We can apply an off-the-shelf tagger from NLTK or combine multiple taggers to customize the tagging process. It is easy to directly use the built-in tagging function, pos_tag, as in: pos_tag(input_tokens), for instance. But behind the scene, it is actually a prediction from a pre-built supervised learning model. The model is trained based on a large corpus composed of words that are correctly tagged.

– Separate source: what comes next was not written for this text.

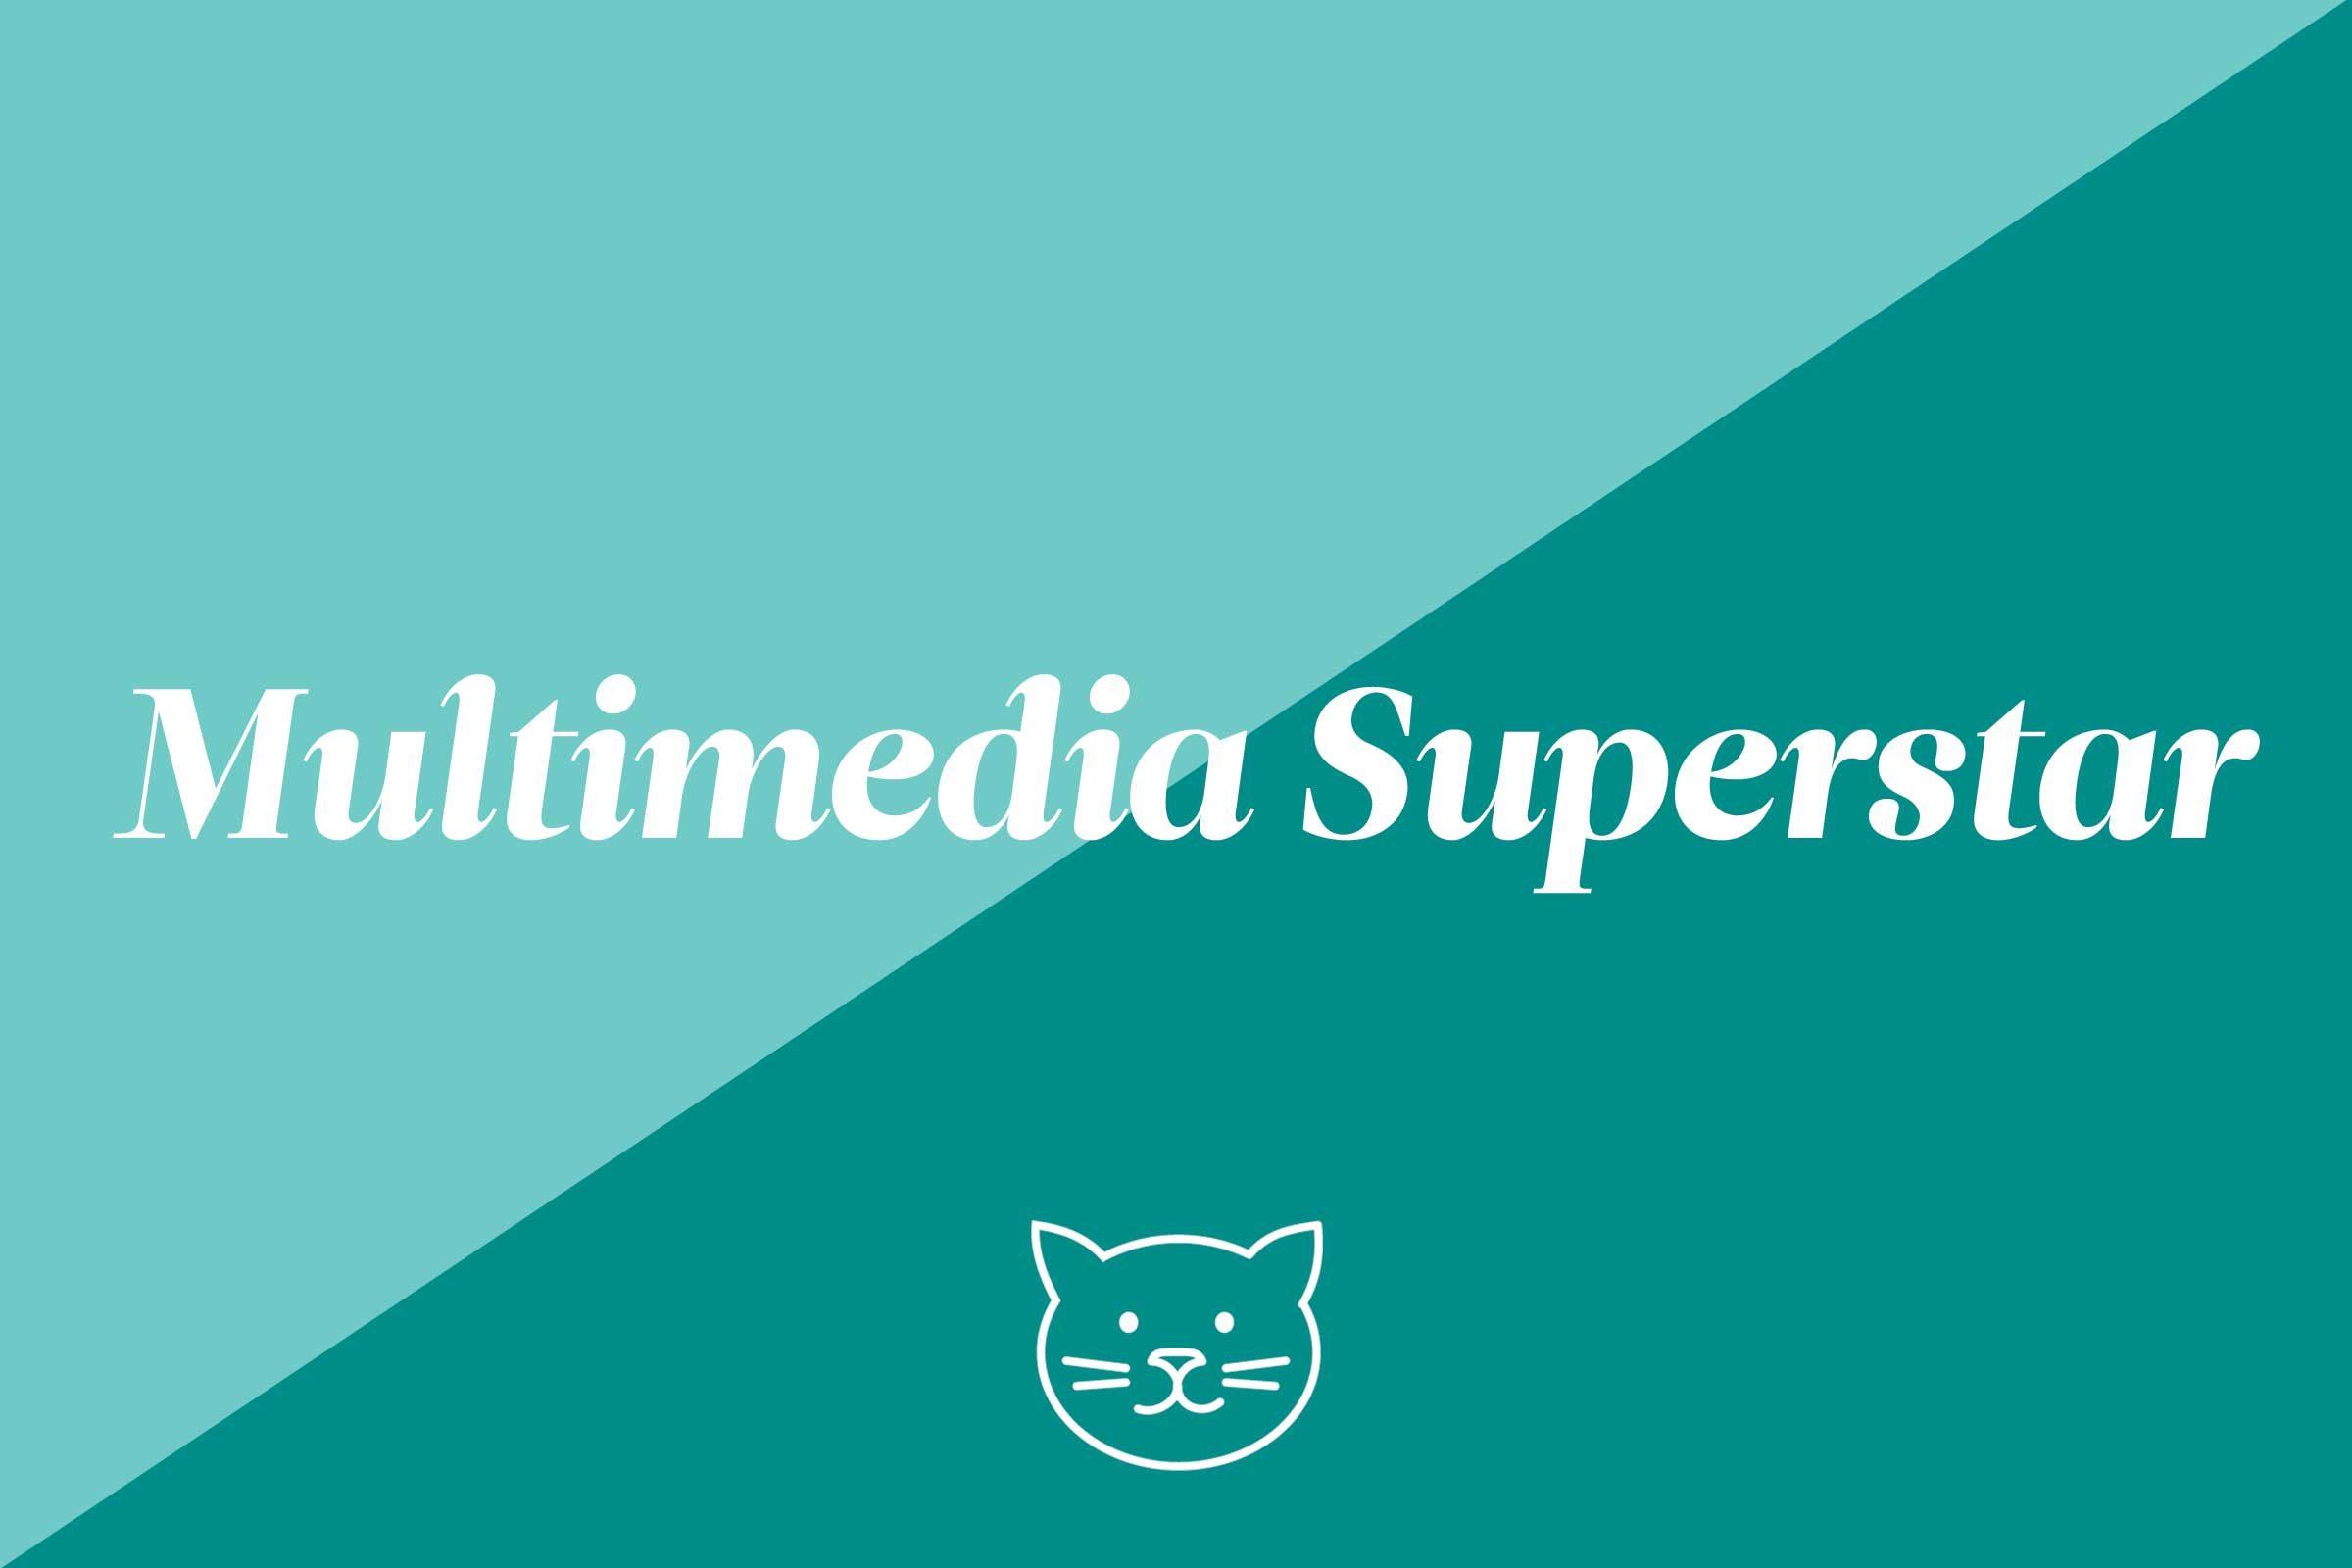 Multimedia Superstar
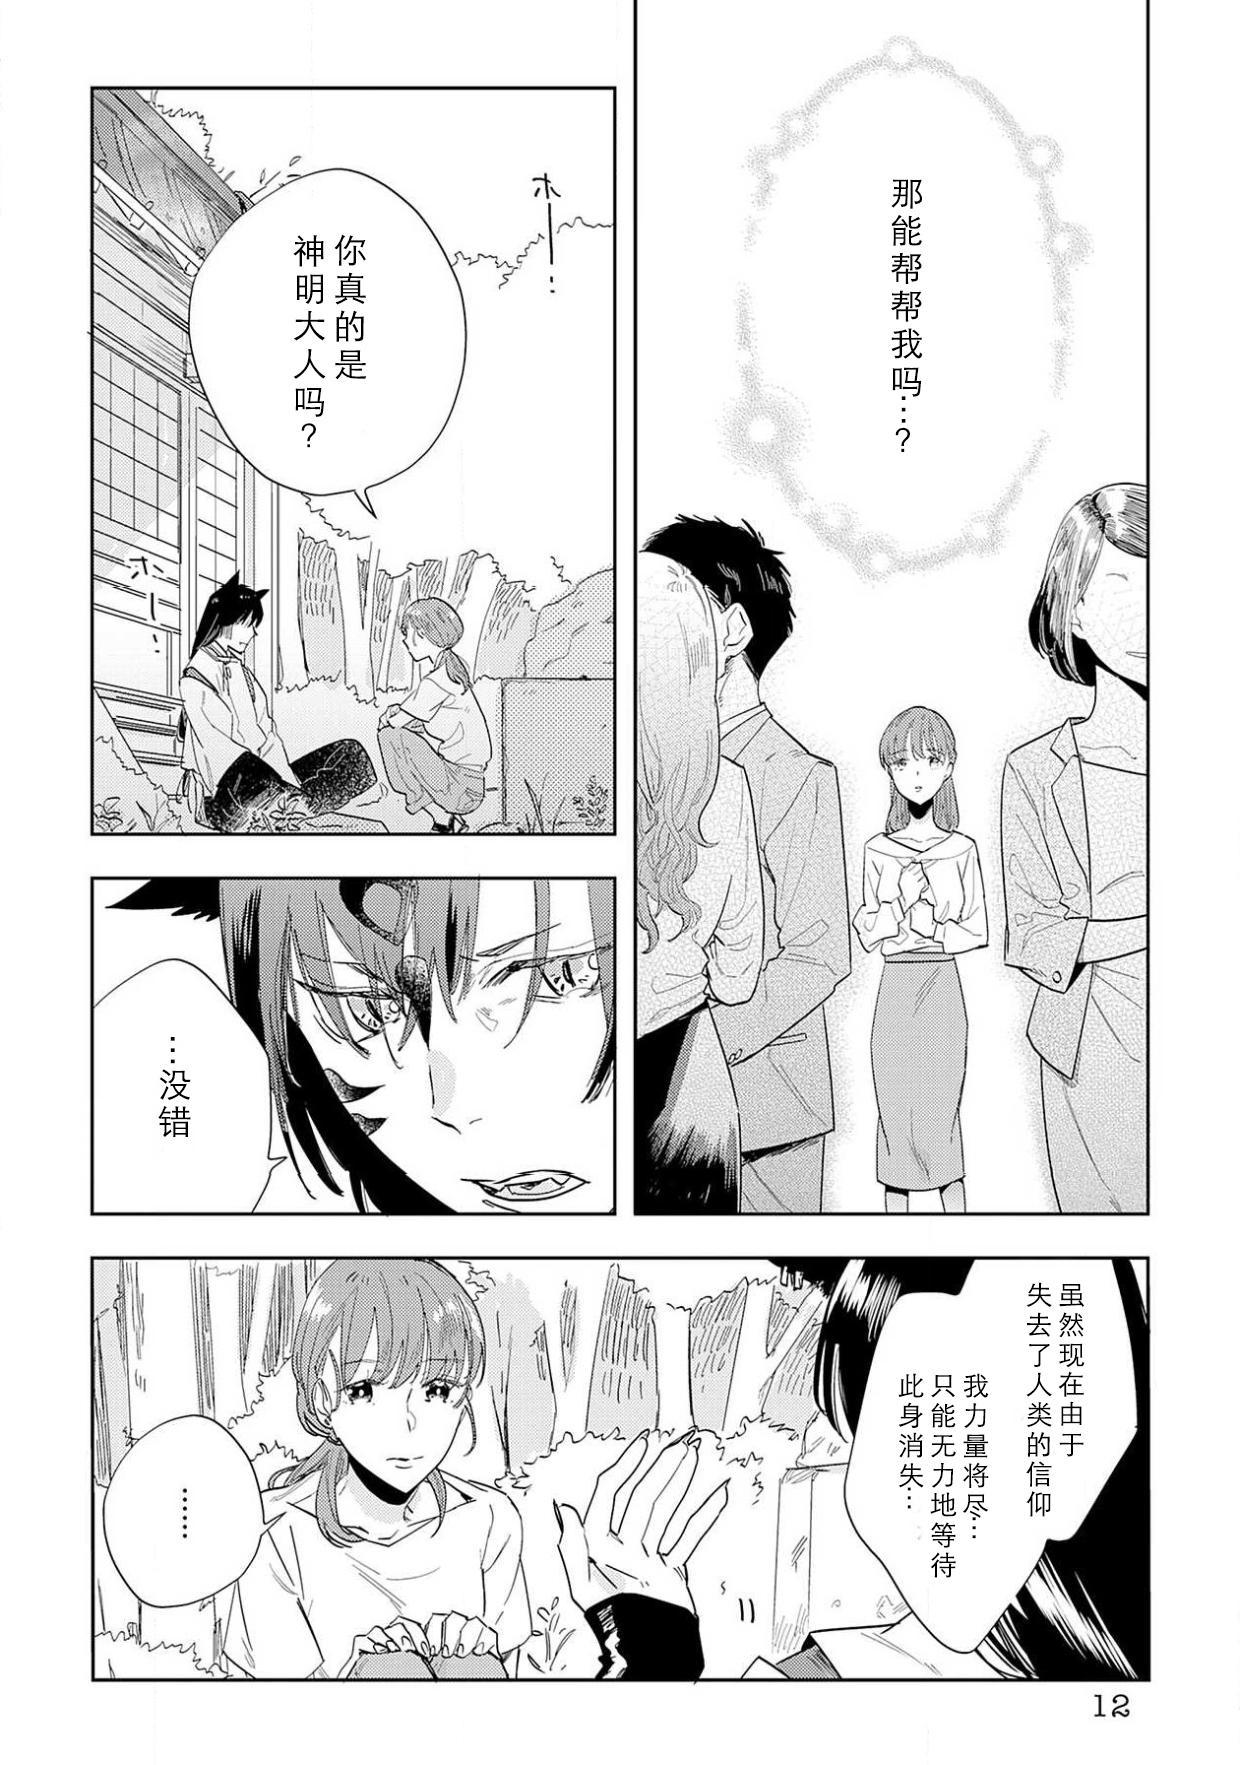 [Hachikawa Kyuu] Kami-sama to Ikenie H Keiyaku Shichaimashita | 我与神明大人签订了祭品H契约 1-3 [Chinese] [莉赛特汉化组] 10

Reusing an earlier example, we can perform PoS tagging as follows:

>>> import nltk
>>> tokens = word_tokenize(sent)
>>> print(nltk.pos_tag(tokens))
[('I', 'PRP'), ('am', 'VBP'), ('reading', 'VBG'), ('a', 'DT'), ('book', 'NN'), ('.', '.'), ('It', 'PRP'), ('is', 'VBZ'), ('Python', 'NNP'), ('Machine', 'NNP'), ('Learning', 'NNP'), ('By', 'IN'), ('Example', 'NNP'), (',', ','), ('2nd', 'CD'), ('edition', 'NN'), ('.', '.')]

The PoS tag following each token is returned. We can check the meaning of a tag using the help function. Looking up PRP and VBP, for example, gives us the following output:

>>> nltk.help.upenn_tagset('PRP')
PRP: pronoun, personal
hers herself him himself hisself it itself me myself one oneself ours ourselves ownself self she thee theirs them themselves they thou thy us
>>> nltk.help.upenn_tagset('VBP')
VBP: verb, present tense, not 3rd person singular
predominate wrap resort sue twist spill cure lengthen brush terminate appear tend stray glisten obtain comprise detest tease attract emphasize mold postpone sever return wag ...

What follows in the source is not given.